Xylem-specific and tension stress-responsive expression of cellulose synthase genes from aspen trees.

Genetic improvement of cellulose biosynthesis in woody trees is one of the major goals of tree biotechnology research. Yet, progress in this field has been slow owing to (1) unavailability of key genes from tree genomes, (2) the inability to isolate active and intact cellulose synthase complexes and, (3) the limited understanding of the mechanistic processes involved in the wood cellulose development. Here I report on the recent advances in molecular genetics of cellulose synthases (CesA) from aspen trees. Two different types of cellulose synthases appear to be involved in cellulose deposition in primary and secondary walls in aspen xylem. The three distinct secondary CesAs from aspen- PtrCesA1, PtrCesA2, and PtrCesA3-appear to be aspen homologs of Arabidopsis secondary CesAs AtCesA8, AtCesA7, and AtCesA4, respectively, based on their high identity/similarity (>80%). These aspen CesA proteins share the transmembrane domain (TMD) structure that is typical of all known "true" CesA proteins: two TMDs toward the N-terminal and six TMDs toward the C-terminal. The putative catalytic domain is present between TMDs 2 and 3. All signature motifs of processive glycosyltransferases are also present in this catalytic domain. In a phylogenetic tree based on various predicted CesA proteins from Arabidopsis and aspen, aspen CesAs fall into families similar to those seen with Arabidopsis CesAs, suggesting their functional similarity.

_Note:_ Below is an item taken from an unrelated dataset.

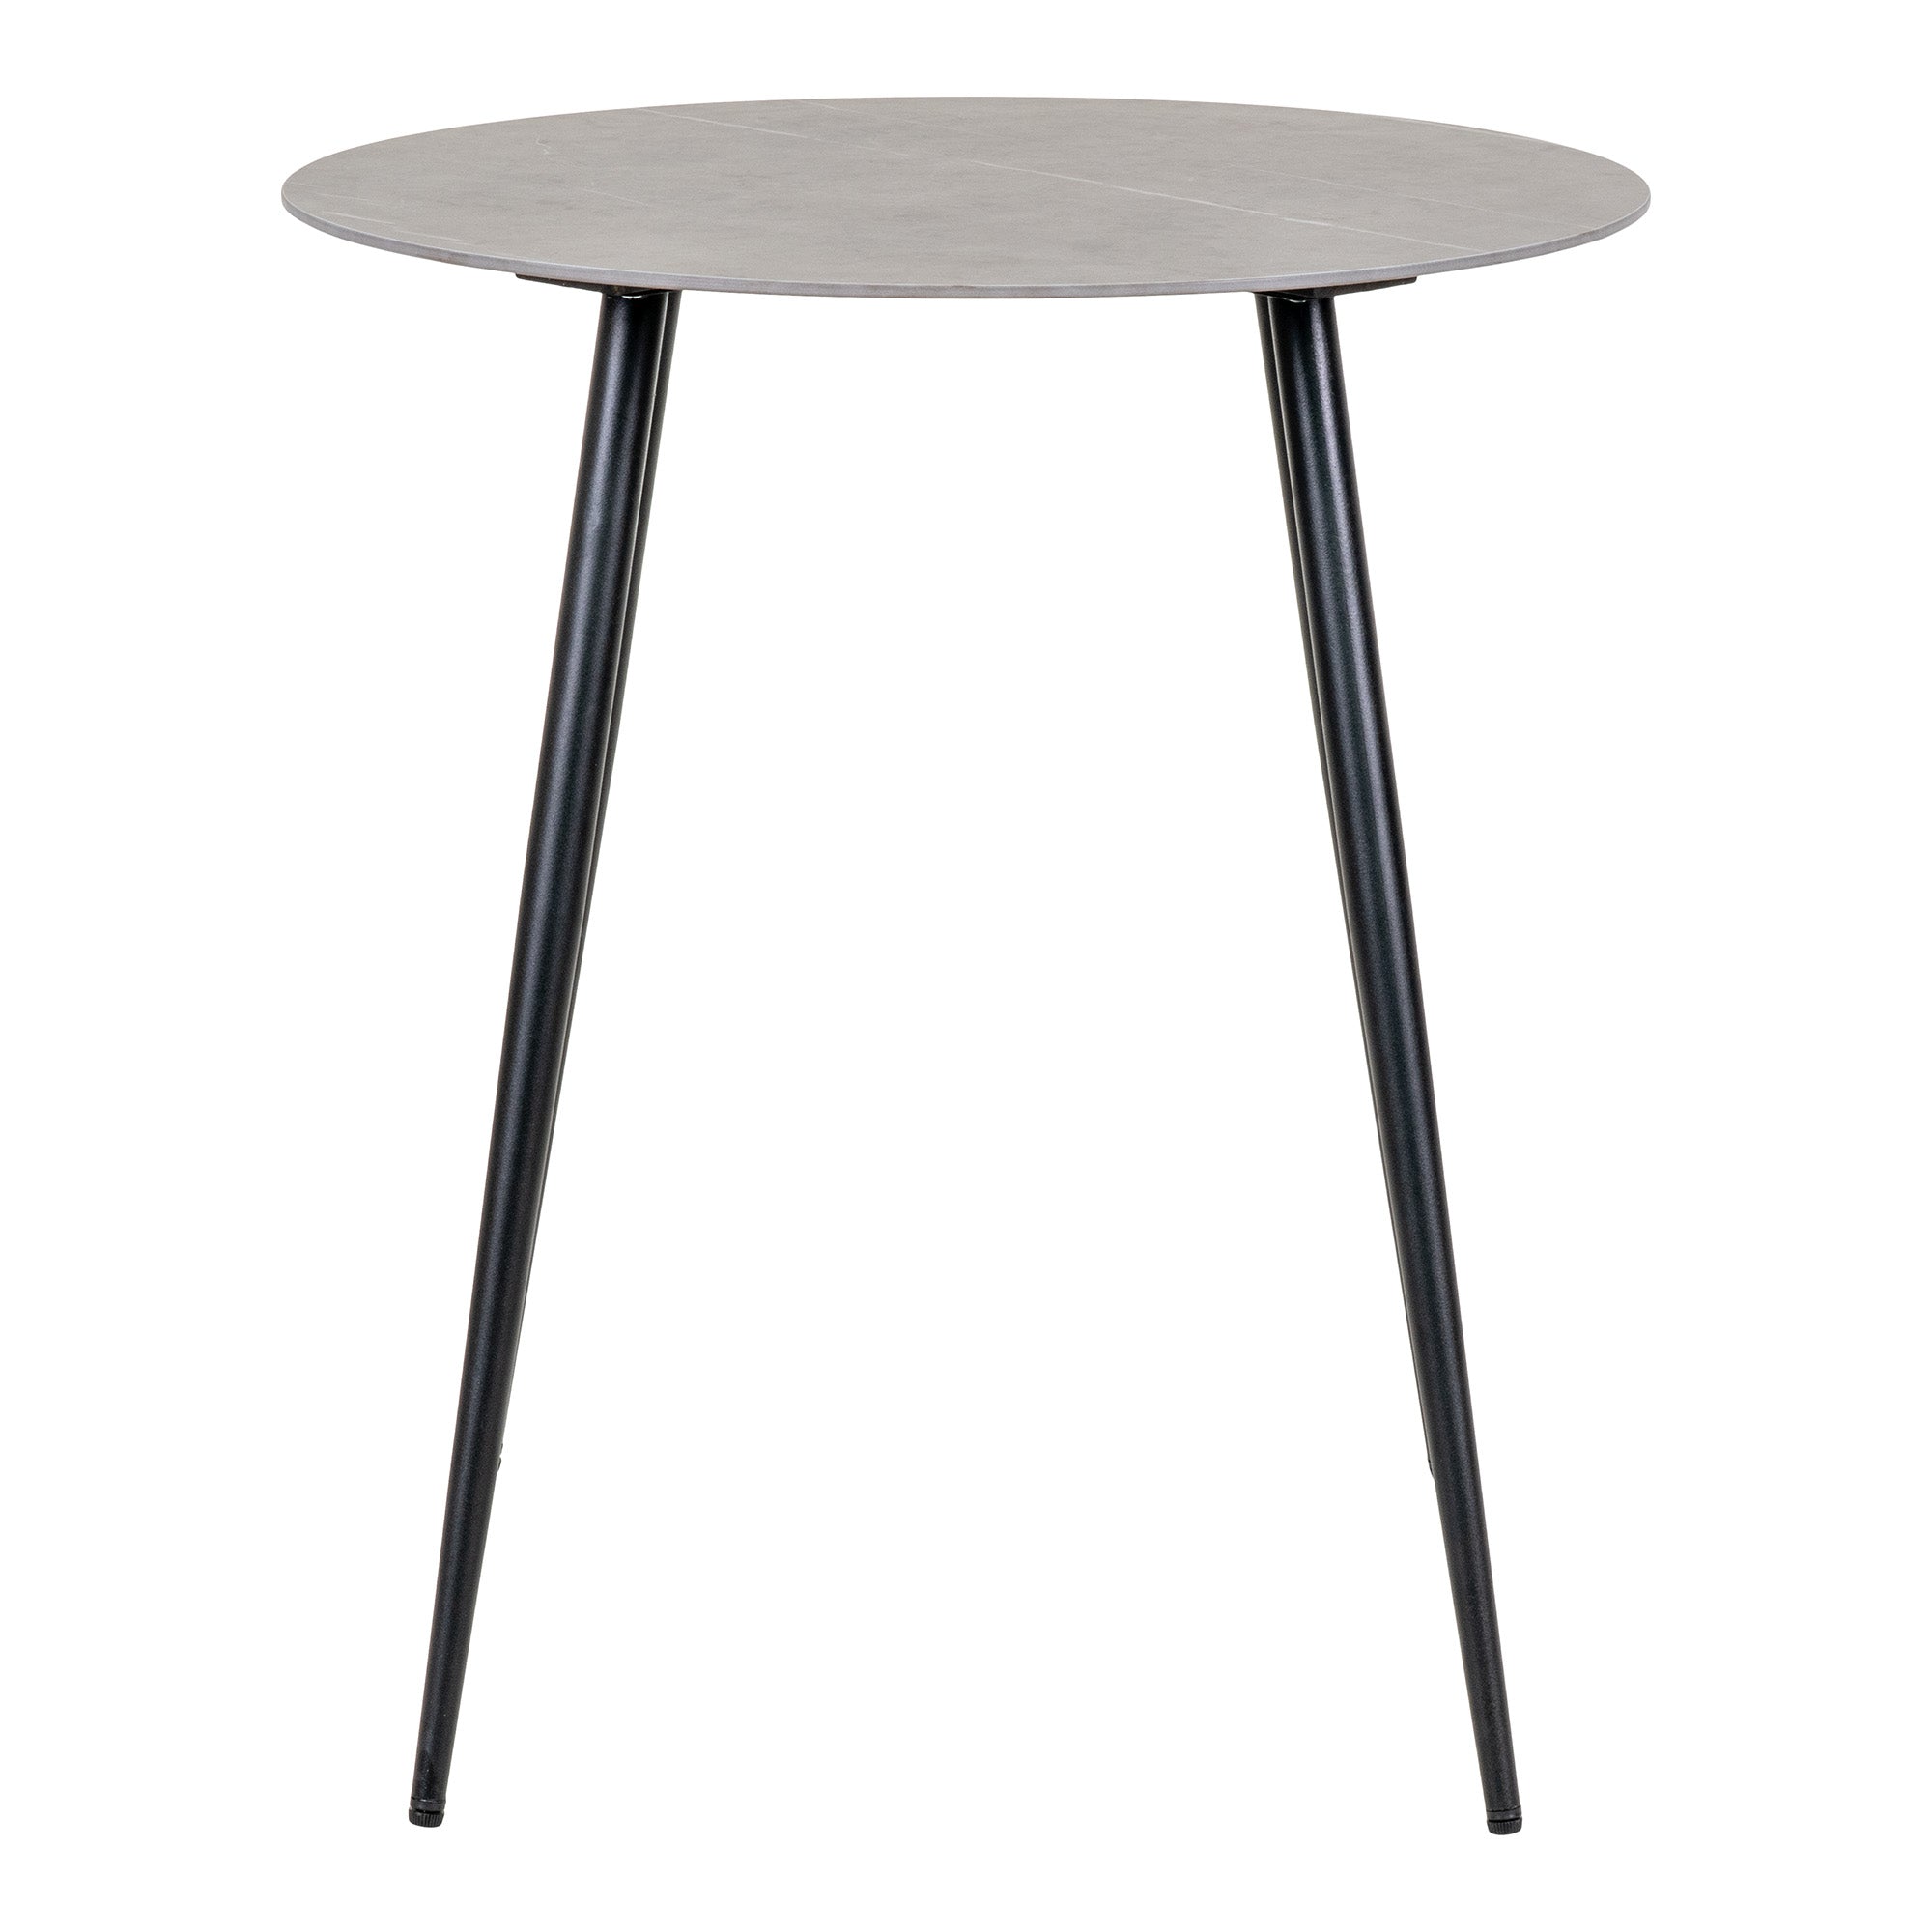 Lazio Cafébord - Cafébord Med Keramik Bordplade, Grå Med Sorte Ben, Ø60 Cm ⎮ 5713917023042 ⎮ 7501130

The coordinate expression of three aspen secondary CesAs in xylem and phloem fibers, along with their simultaneous tension stress-responsive upregulation, suggests that these three CesAs may play a pivotal role in biosynthesis of better-quality cellulose in secondary cell walls of plants. These results are likely to have a direct impact on genetic manipulation of trees in the future.